Они примостились на пригорке – Танри не помнила, как на него взбиралась. Внизу, между ними и обрывом к морю, громоздились каменные обломки, в которых уже не угадывалось ни стен, ни арок. Мужчина повернул голову, заглянул ей в лицо. В его глазах стояло удивление.

– Ничего не осталось! Конец Проклятию. Теперь она побеждена! Но ведь ты женщина, а Джонкара любую женщину подчиняла своей воле – в этом была ее Сила и наша погибель. Любая женщина давалась ей в руки. Мы оборонялись от этой ее власти, как могли. Мы не смели довериться тем, кто в любую минуту мог открыть ужасную дверь Джонкары. Так почему же ты не убила меня? Моя кровь дала бы ей свободу, а она бы поделилась своей властью с тобой – так всегда бывало.

– Не ей приказывать мне! – Уверенность в себе возвращалась к Танри с каждым вдохом. – Я сулькарка, я не из ваших женщин. Так это из-за нее, из-за Джонкары, вы так боитесь и ненавидите женщин?

– Может быть. Так она нами распорядилась. На нас лежало ее Проклятие, пока гибель Лангварда – ты видела его умирающим от клинка его же королевы – не дала нам толику свободы. Он долго искал ключ, который мог бы запереть Джонкару. И отчасти добился цели. Те из нас, кто сохранил свободу, бежали и, как гласит предание, позаботились, чтобы никогда больше женщина не завладела нами.

Он потер лицо ладонями, стирая прах погибшего Салзарата.

– Это древняя страна. Думаю, никто здесь больше не бывает. Нам придется остаться здесь – если за тобой не приплывут твои люди. Так что и на нас пала Тень Проклятия.

Танри пожала плечами:

– Я сулькарка, но от моего клана никого не осталось. На борту «Вепря» меня ни с кем не связывали узы родства. И никто не станет меня искать.

Она встала, подбоченилась, нарочно обратила к морю спину.
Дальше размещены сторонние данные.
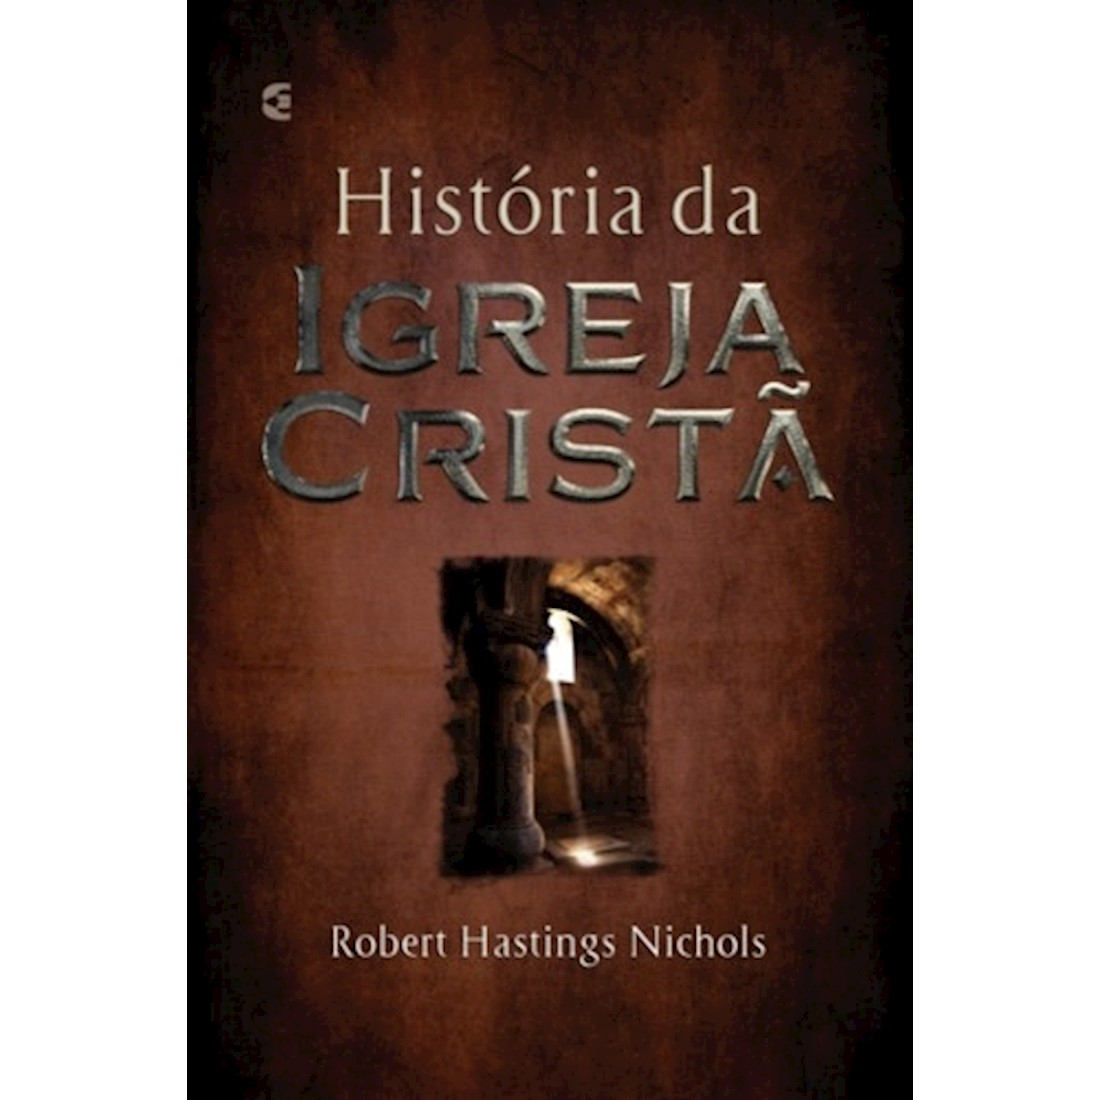 Livro História da Igreja Cristã

– Если мы прокляты, сокольник, значит будем жить с Проклятием. А живым будущее готовит многое, доброе и злое. Надо только смело встречать все, что оно несет.

С неба над ними раздался крик. В прорыв облаков пробился солнечный луч, в нем кружил сокол. Танри вскинула к нему голову:

– Это твоя земля, сокольник, я-то с моря. Что ты о ней скажешь?

Он тоже встал:

– Меня зовут Ривери. И в твоих словах есть правда. Пусть Проклятия уползают в свою Тень, а мы пойдем к Свету – вперед.

Они плечом к плечу стали спускаться с холма, а над ними кружил сокол.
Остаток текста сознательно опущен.